Recently Dennis Agterberg, a fellow contractor, experienced some major issues with random LUN loss on all his ESXi Hosts. The environment consists of HP Virtual Connect FC modules connected to 8Gb Brocade switches.
From a vCenter perspective repetitive “lost access to volume … due to connectivity issues. Recovery attempt is in progress and outcome will be reported shortly” messages appear while the vmkernel log is showing messages like:
2012-05-02T01:34:02.805Z cpu3:4099)<3>lpfc820 0000:02:00.2: 0:(0):0717 FCP command x12 residual underrun converted to error Data: xff xff x24
2012-05-02T01:34:02.805Z cpu3:4099)NMP: nmp_ThrottleLogForDevice:2318: Cmd 0x12 (0x412400d086c0) to dev “naa.60060160d8901f00e859cf520978e111” on path “vmhba0:C0:T7:L3” Failed: H:0x7 D:0x0 P:0x0 Possible sense data: 0x0 0x0 0x0.Act:EVAL
2012-05-02T01:34:02.805Z cpu3:4099)WARNING: NMP: nmp_DeviceRequestFastDeviceProbe:237:NMP device “naa.60060160d8901f00e859cf520978e111” state in doubt; requested fast path state update…
In short Dennis pointed out the problem to be an incorrect setting of the portCfgFillWord mode on the Brocade FC Switches.
So what’s this Fill-Word stuff? A Fill-Word is a primitive signal which is needed to maintain bit and word synchronization between two adjacent ports and is more error prone with the increased clockspeed on 8Gb links. Read the complete article about Fill-Words here.
The HP Virtual Connect Release Notes indicate that the portCfgFillWord mode needs to be set to 3 whenever you are connecting to a Brocade 8Gb FC Switch:
When VC 8Gb 20-port FC Module and VC FlexFabric 10Gb/24-port Module Fibre Channel uplink ports are configured to operate at 8Gb speed and connect to HP B-series (Brocade) Fibre Channel SAN switches, the minimum supported version of the Brocade Fabric OS (FOS) is v6.4.x. In addition, the Fill Word on those switch ports must be configured with option Mode 3 to prevent connectivity issues at 8Gb speed.
On HP B-series (Brocade) FC switches, use the portCfgFillWord (portCfgFillWord <Port#><Mode>) command to configure this setting.
Mode Link Init/Fill Word
Mode 0 IDLE/IDLE
Mode 1 ARBF/ARBF
Mode 2 IDLE/ARBF
Mode 3 If ARBF/ARBF fails, use IDLE/ARBF
Modes 2 and 3 are compliant with FC-FS-3 specifications (standards specify the IDLE/ARBF behavior of Mode 2, which is used by Mode 3 if ARBF/ARBF fails after 3 attempts). For most environments, Brocade recommends using Mode 3, as it provides more flexibility and compatibility with a wide range of devices. In the event that the default setting or Mode 3 does not work with a particular device, contact your switch vendor for further assistance.
Basically the key takeaway here is to mind the portCfgFillWord mode whenever setting up or migrating towards an 8 Gb FC Brocade infrastructure.
Stacy
/ July 22, 2012Question about the symptoms – When the intermittent LUN loss occurred, did the LUNs stay disconnected, or were access to volume restored messages seen in vCenter shortly after?
Dennis Agterberg
/ July 23, 2012Hi Stacy,
Access to the volumes was restored shortly after.
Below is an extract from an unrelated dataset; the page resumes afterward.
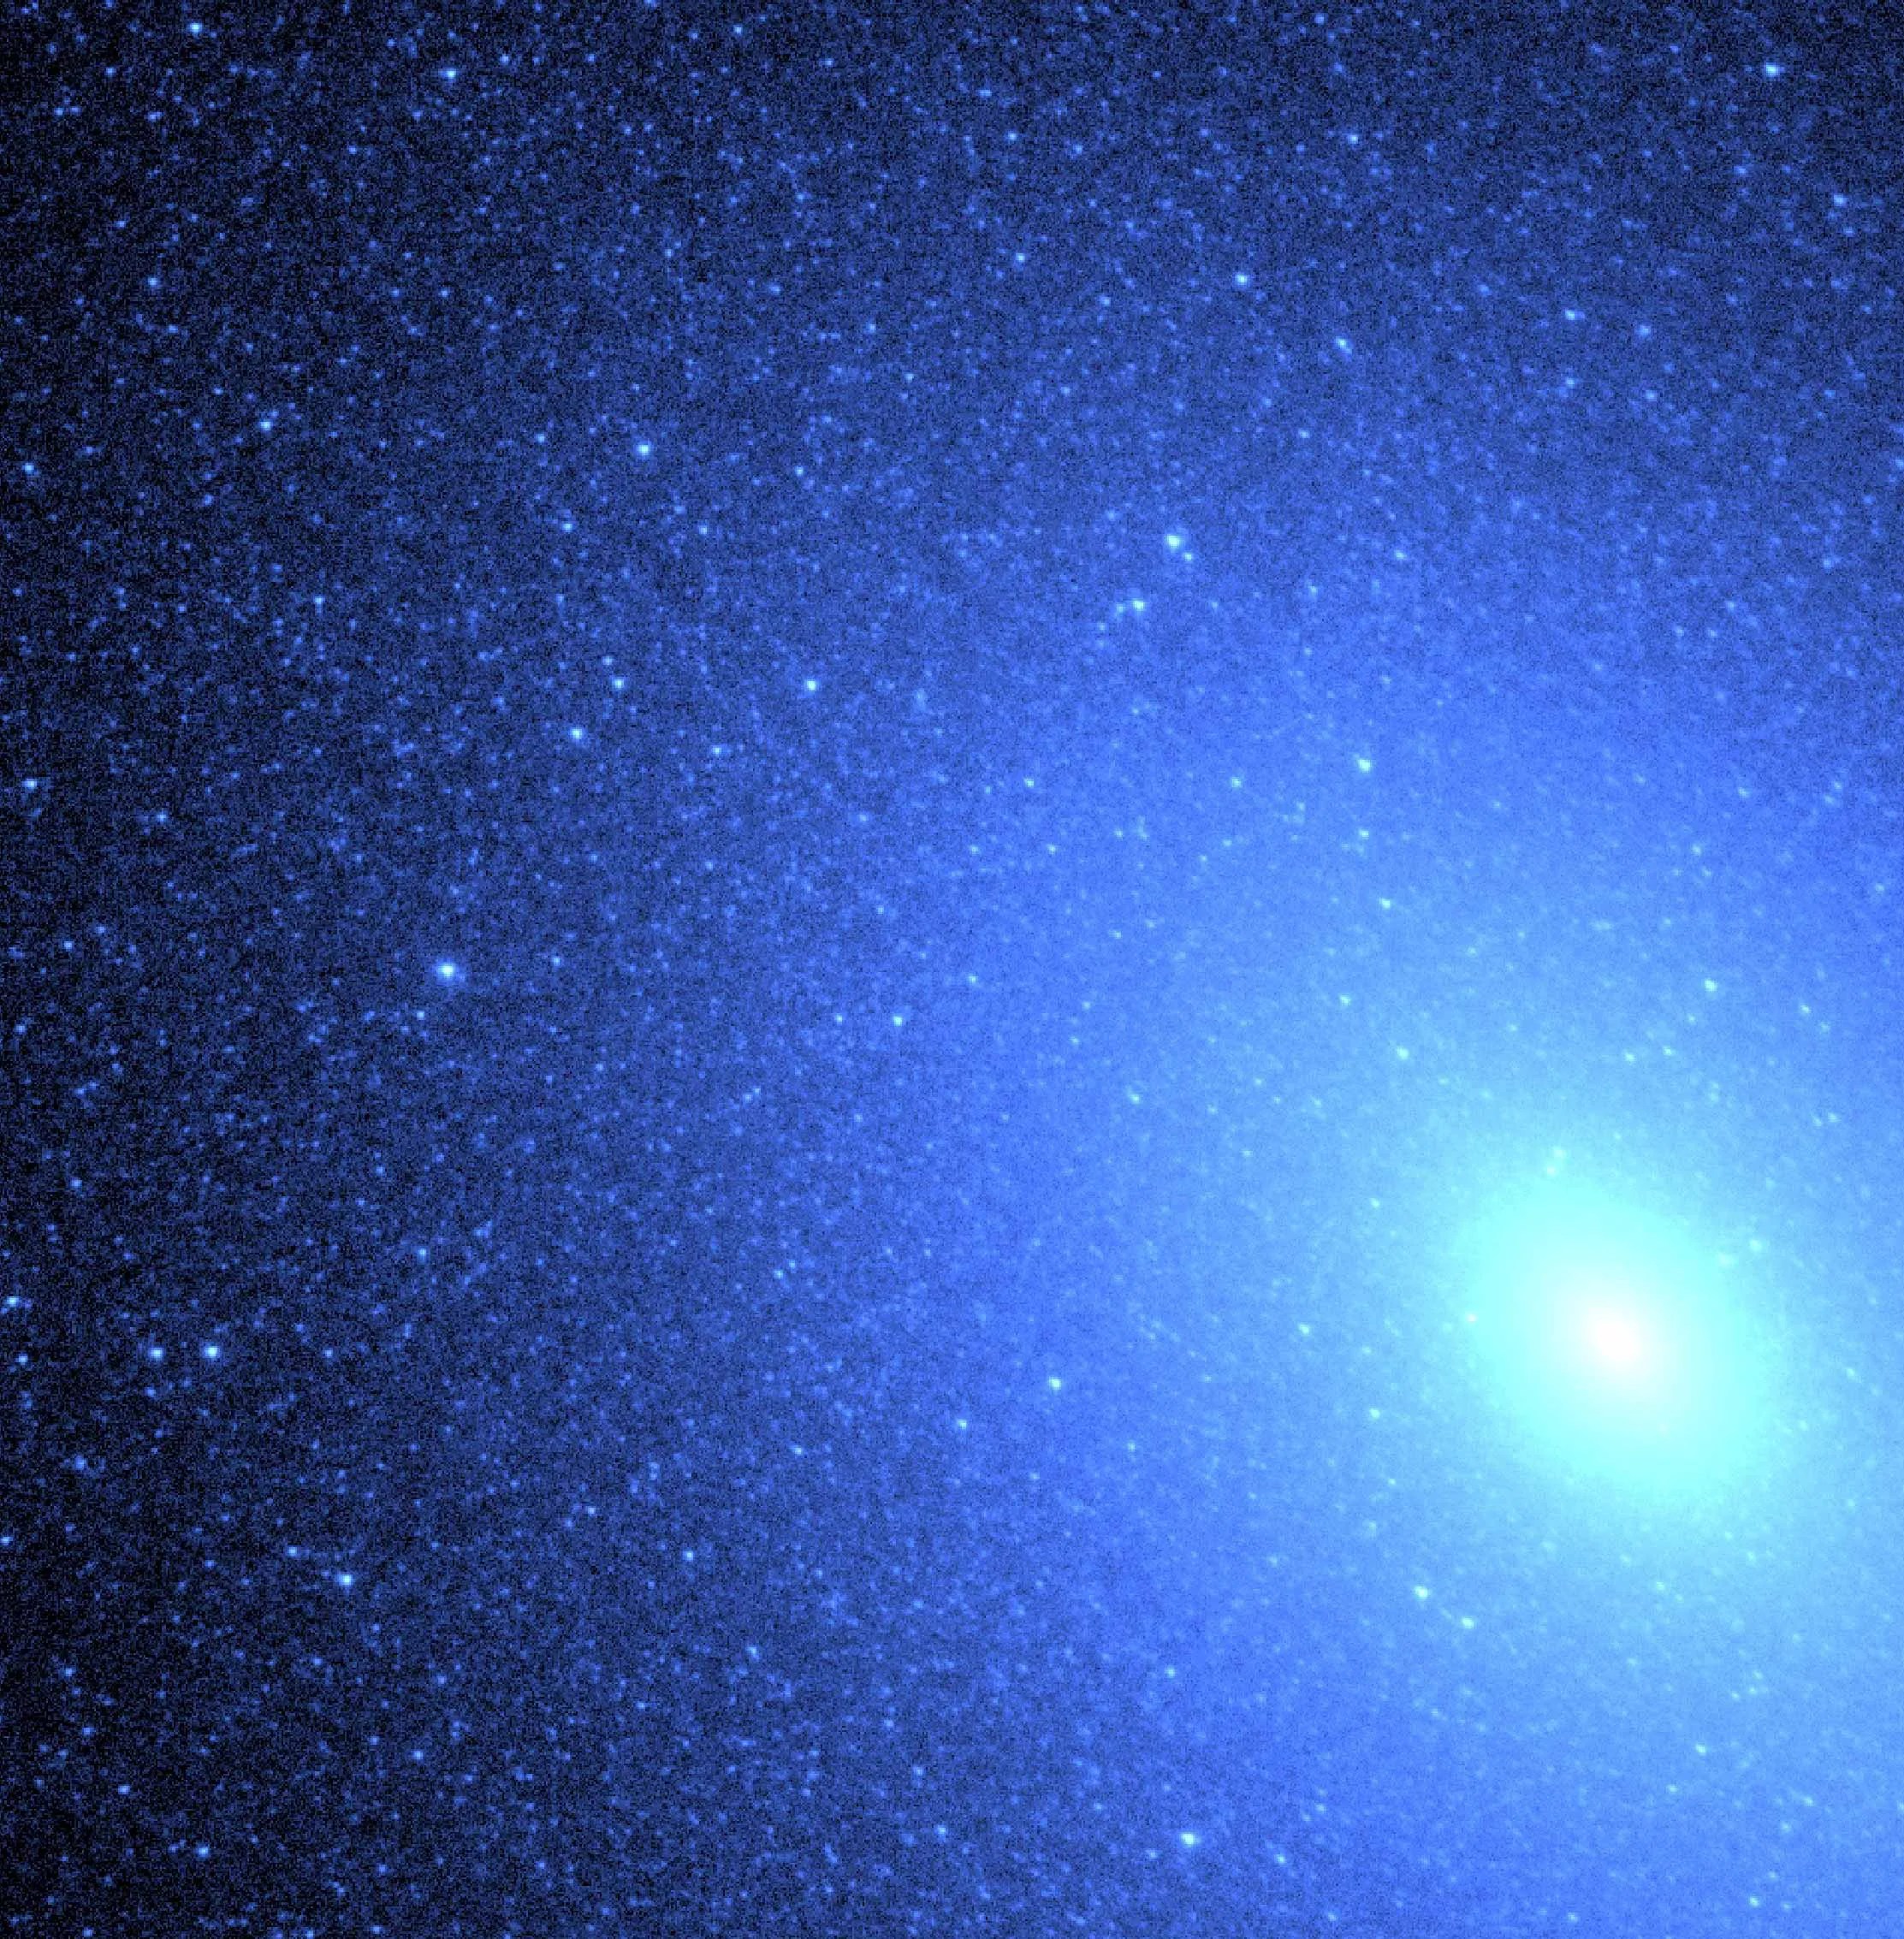 A bluish image of the core and surrounding of a companion galaxy to Andromeda. The color is due to the image being taken in ultraviolet light.
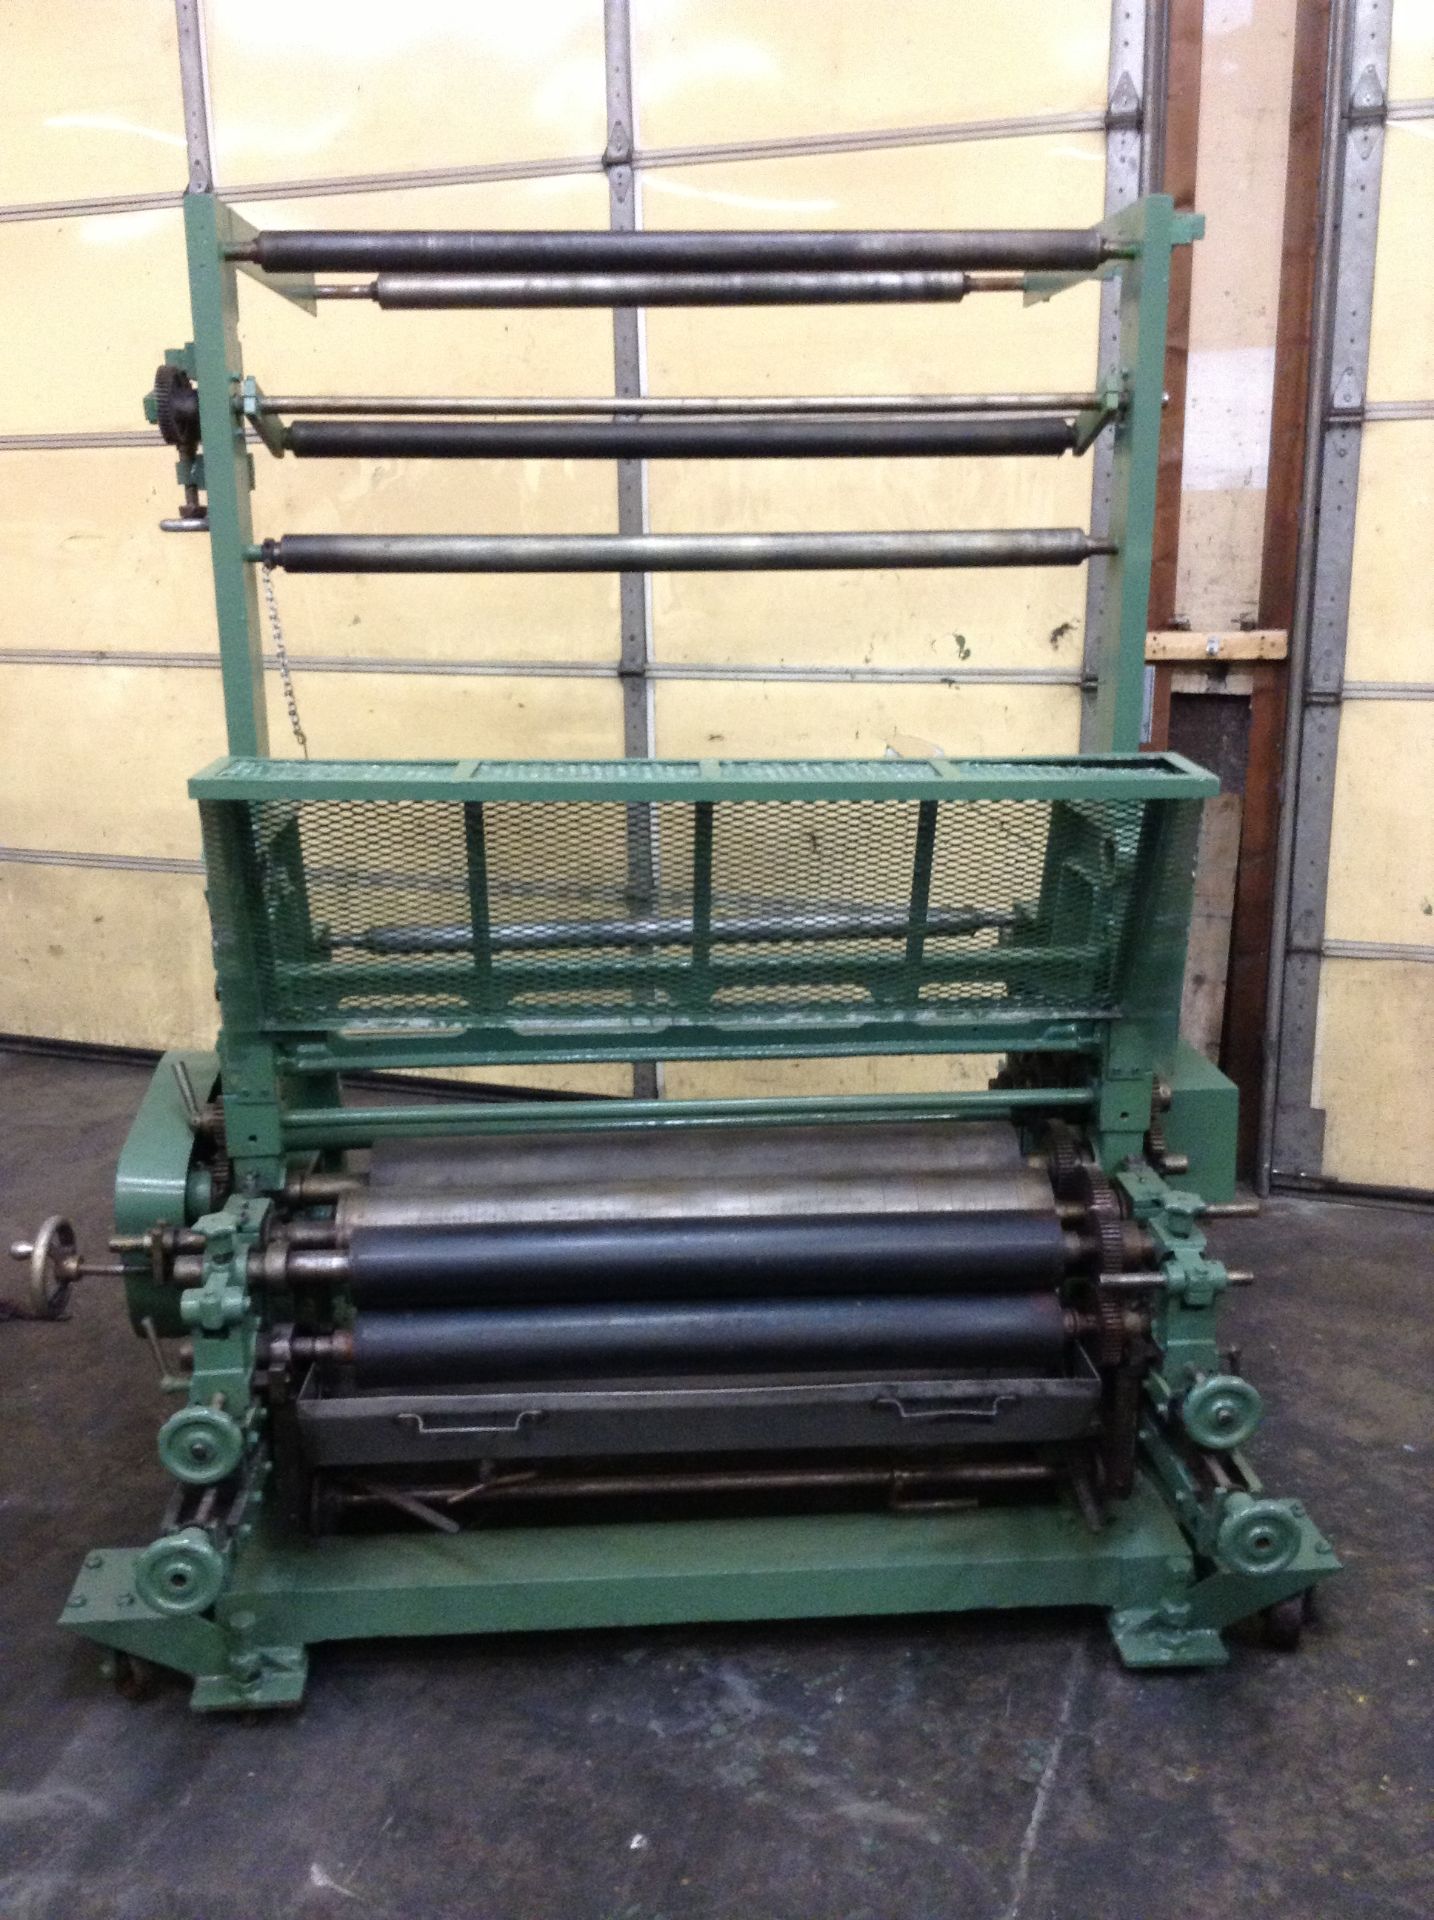 38” Windmoeller & Hoelscher 1-color flexographic inline printing press. Approx. 10” to 30” repeat.

In vCenter I saw these messages:
Lost access to volume 4f969274-8bb27a5a-cfbe-0017a4770410 (volume name) due to connectivity issues. Recovery attempt is in progress and outcome will be reported shortly.
And then these:
Successfully restored access to volume 4f969274-8bb27a5a-cfbe-0017a4770410 (volume name) following connectivity issues.
Regards,
Dennis
Joseph Mancera
/ August 20, 2012After modifying the portCfgFillword, does it resolved the issue?
Dennis Agterberg
/ August 21, 2012Ji Joseph,
Yes, the issues we had were resolved.
Regards,
Dennis
Carl Wallace
/ August 24, 2012I assume this change was made on the ports to which the HP equipment connected?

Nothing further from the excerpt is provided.